The Oak Room (2020)

A bar – it could be any bar, albeit it seems to be in a particularly bleak, remote place. It’s snowing outside. A beer bottle, not quite drained, occupies the foreground; unseen but audible, it seems a violent attack is taking place in the background. This first few minutes of coverage sums up a great deal about The Oak Room by showcasing its selected setting, its promise of violence and its resistance to neat, wrapped-up endings: it’s significant that this beer isn’t completely finished but we can still fill in the blanks as to what may be happening here, because we are hardwired to fill in those blanks.

We remain in a bar – the same bar? A different bar? You have to wait to find out, but it’s closing time, and bartender Paul (Peter Outerbridge) is just about ready to lock up for the night when a figure appears, out of the snow, and won’t take no for an answer when he’s told to go. Turns out it’s a local guy, Steve (Breaking Bad’s RJ Mitte) – well, he was local, but he moved away to college and never came back, not even for his father’s funeral. Paul, a lifelong friend of his dad, makes it quite clear that however unwelcome he was to begin with, it’s now doubly so. To compound this, it seems that Steve owes a lot of people, and as he’s here, he needs to clear the debt. Instead of simply paying up, Steve makes an offer: how about he tells a story? It takes place in a different town and a different bar, called The Oak Room, but he assures Paul that he’ll want to hear it. And so we begin: narrative frames narrative frames narrative, with humour, pathos and violence as common threads which hold these stories together.

Handling its selected structure very well and taking no easy linear routes, The Oak Room is, in its own way, an ode to the power of storytelling. Not only does Steve join the ranks of hundreds of literary figures who tried to tell a good tale as a means of getting out of a tough situation, but the film offers up something of a debate about stories themselves; I guess you could call that ‘meta’, if you liked, but in the film characters squabble about the rights and wrongs of how to tell a good yarn, what to emphasise, what to omit, how to get through the beginning, middle and end, and so on. It’s nice, too, that bars and barkeepers figure so highly. At the time of writing, bar-hopping as we know it feels like a distant memory: there’s a particular kind of storytelling in that environment – in which basic truths figure, but not as a priority – which deserves this kind of engaging, knowing tribute. As to what the stories reveal, it has an interesting effect; by drawing away from the first two characters we meet, it adds layer upon layer of circumstances which may, or may not be relevant to that initial situation. But because the stories are told so well, and mesh together so well, it winds up being a particularly rich way of developing the film’s plot – one which is closely geared towards people’s natural tendency to follow stories, and remember them. The film is based on a play and it does retain that feeling of an intimate stage setting, one which depends on guiding the audience.

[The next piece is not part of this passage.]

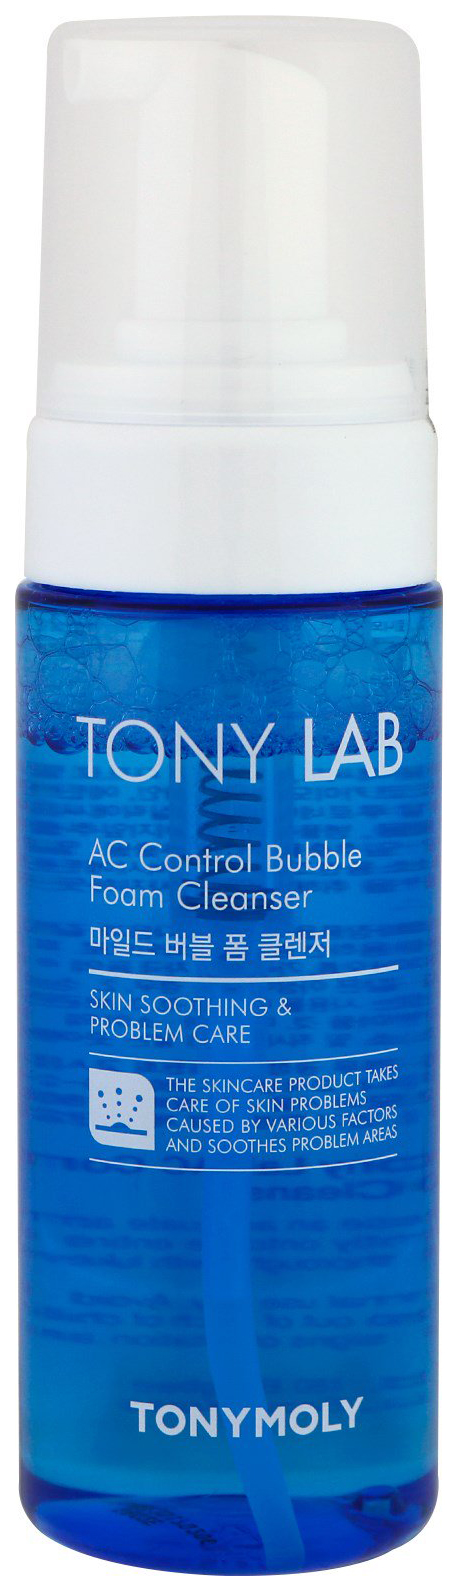 Пенка-мусс для умывания TONY MOLY Tony Lab AC Control для проблемной кожи, 150 мл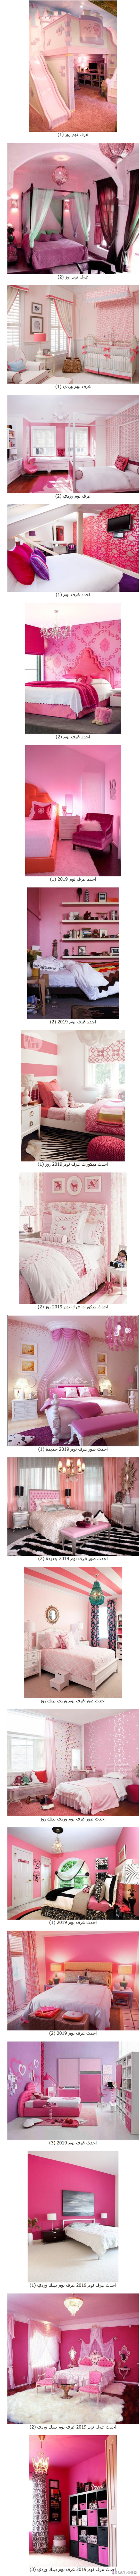 أجمل غرف نوم باللون الوردي , غرف نوم روز بمبي , غرف نوم عرائس وردية

I would say that the initial acting between the two leads took a little time to get used to; Paul seems rather overblown compared to Steve at first, drifting close to an 80s ‘action guy’ vibe with the sardonic, humorous dialogue to match. But either this was dialled back a little as the film progressed, or I stopped noticing it so much. In any case, it is entertaining, and the other characters who come along seem to reflect that same mismatch in turn, so it feels balanced. And the film feels variously like a game of cat and mouse and then a battle of wills, whoever is on screen: it’s no mean feat to hold the interest so well, given there are never more than two people on screen at one time (with a couple of minutes’ exception). The script jogs along, doing what it does economically enough but making you suspect each character’s motives in turn and the cast is excellent, though you could argue that RJ Mitte and Ari Millen are particularly good – and well-matched, too, despite the fact that they actually (spoiler) share no screen time. I’ve only recently become acquainted with Millen via his star turn in Vicious Fun and I have to say – he’s a force of nature, and definitely an actor to watch. Likewise, director Cody Calahan, also of Vicious Fun: to make and release two films of this calibre inside a year is quite a feat.

Woven into these unfolding tales are some big-hitting topics, as we touch upon generational conflict; past vs present; poverty; the repercussions of cruelty and human failure. I found the whole thing incredibly engrossing and appealing. Something else to note, and again, apologies for the minor spoiler: there are no women in this film. And that’s fine! Not every story, not every conversation has to contain women. The Oak Room does more than enough in grappling with bigger concerns which transcend this as an issue. This is a careful, cleverly-done film which balances the humane with the inhumane: it’s impressive and as charming as it is unsettling.

The Oak Room will available on digital download from 26th April.